Manchmal reicht es einfach nicht

  30.10.2020 Möhlin

Fasnachtzunft unterstützt Lebensmittelhilfe Aargau

Jeder Rappen zählt und die Fasnachtzunft Ryburg hatte vom Narrentreffen noch ein paar Franken übrig. Das Geld geht an die Organisation «Cartons du Coeur».

Ronny Wittenwiler

Bei Regenwetter folgte die Checkübergabe zugunsten derer, die nicht auf der Sonnenseite des Lebens stehen. Denn es gibt sie auch hier, wie Hans Oesch sagte: «Schicksale, die man in der reichen Schweiz kaum vermuten würde.» Die Rede ist von Menschen, bei denen es hinten und vorne nicht reicht fürs Leben, geschweige denn für Lebensmittel.

Dorthin, wo es nötig ist
Hans Oesch aus Magden steht im Einsatz für «Cartons du Coeur». 1993 ins Leben gerufen, in Neuenburg, versucht die Organisation, auf unbürokratische Weise mit Lieferungen von Lebensmitteln aktuelle Not zu lindern. Seit 1997 als Organisation auch im Aargau tätig, gehen «Lebensmittel dorthin, wo es gerade nötig ist», sagt Oesch. Ausgesteuerte, Arbeitslose, Kranke und «ja», sagt der 81-Jährige aus Magden, mit Blick auf seine rund zehnjährige Tätigkeit als ehrenamtlicher Helfer im unteren Fricktal: «Da gibt es Beispiele, da stehen einem die Haare zu Berge.»

Allein im Aargau verteilte «Cartons du Coeur» im vergangenen Jahr 80 Tonnen Lebensmittel. Oesch zeichnet mit anderen Helfern für die Verteilung im unteren Fricktal verantwortlich. Meistens würden Sozialämter, Pfarrämter oder schlicht auch Nachbarn mögliche Adressaten zutragen, «selten rufen Betroffene selbst an», sagt Oesch. Die Hemmschwelle ist gross.

Für einen guten Zweck
Von der Effektivität dieser prompten Hilfe war die Fasnachtzunft Ryburg (FZR) angetan. Vom 54. Internationalen Narrentreffen vergangenen Februar, das die Zunft als Gastgeber nach Möhlin geholt hatte, blieb noch ein bisschen Geld in der Schatulle. Zunftmeister Steve Krebs konkretisiert: «Beim offiziellen Empfang am Sonntagmorgen vor dem grossen Umzug ist es Tradition, dass die Vertreter der mitwirkenden Gruppen jeweils ein Geschenk mitbringen.» Die Zunft habe sich aber entschieden, statt Geschenken den einen oder anderen Geldbetrag entgegenzunehmen – um damit eben aktiv werden zu können für einen sozialen Zweck. Nachdem die Fasnachtzunft den zusammengekommenen Betrag selbst noch etwas nach oben frisiert hatte, ist am Ende eintausend Franken zustandegekommen. Der Vorschlag von Gemeindeammann Fredy Böni schliesslich, den Betrag «Cartons du Coeur» zukommen zu lassen, schien dem restlichen Organisationskomitee des Narrentreffens zu gefallen.

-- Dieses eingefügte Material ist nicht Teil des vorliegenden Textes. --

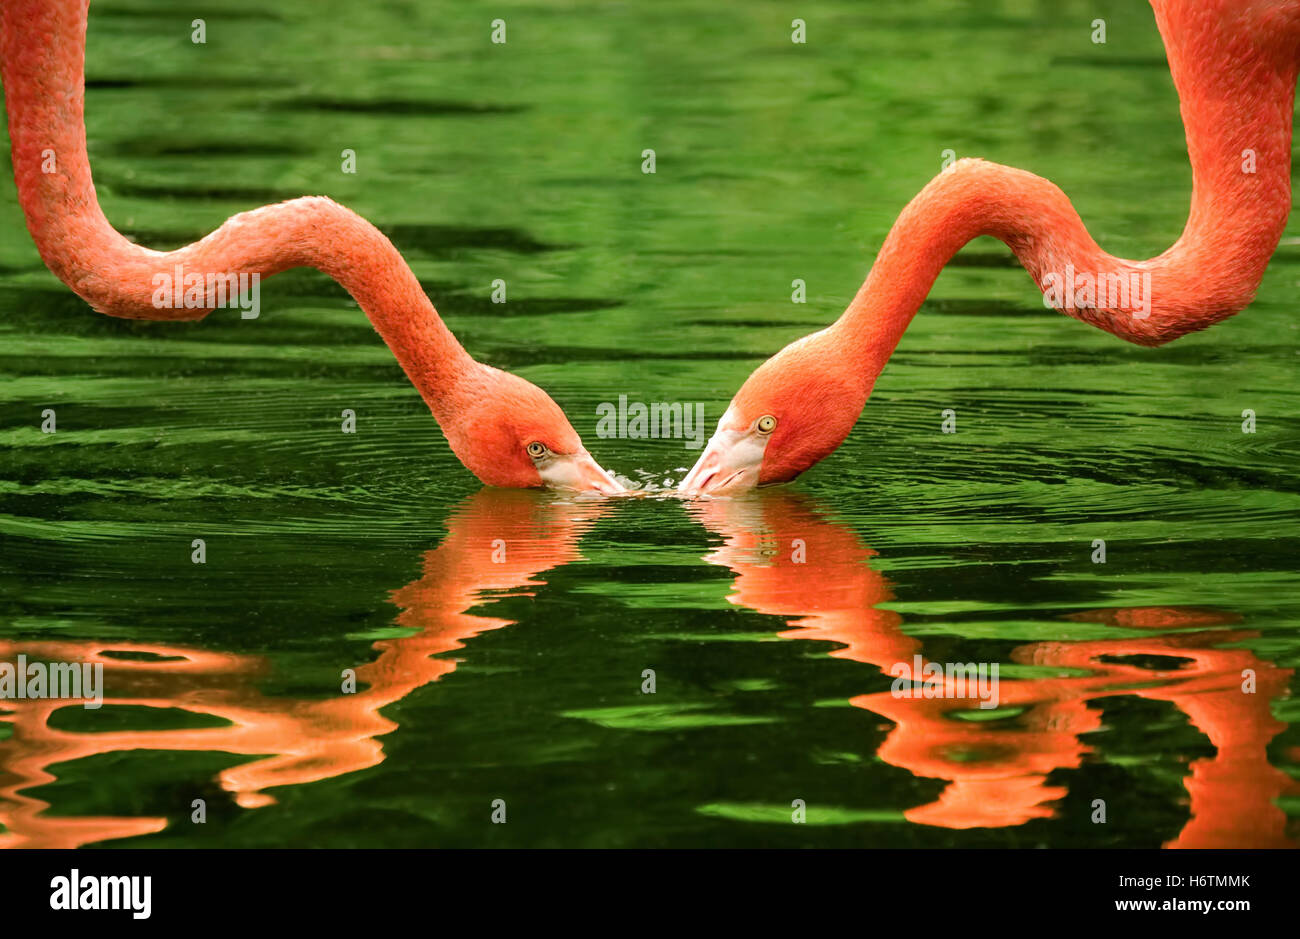 symmetrical mirrored flamingo necks Stock Photo

Dem Gemeindeammann wurde von Amtes wegen die Funktion als sogenannter Schirmherr des Narrentreffens zuteil, normalerweise sammelt er als Mitglied des Lions Club Fricktal Lebensmittel für «Cartons du Coeur». Nur dieses Jahr ist eben alles anders: wegen Corona, einmal mehr. Und auch Hans Oesch, der die Kisten mit den gespendeten Lebensmitteln jeweils an Familien und Einzelpersonen verteilt, kommt in diesem Jahr gerade mal auf sechs Auslieferungen – seit Februar werden stattdessen Gutscheine für Nahrungsmittel abgegeben, die betroffene Personen in Anspruch nehmen können. Eines aber, Ausnahmejahr 2020 hin oder her, ist gleich geblieben: Manchmal reicht es einfach nicht zum Leben. Hans Oesch weiss das aus seiner ehrenamtlichen Tätigkeit. Warum aber arbeitet er seit rund zehn Jahren für die Hilfsorganisation? «Ich bin gesund, mir ging es immer gut und ich hatte immer ein Auskommen. Ich möchte etwas weitergeben.»

Eine Aussage, so prompt und unkompliziert, wie die Hilfe selbst.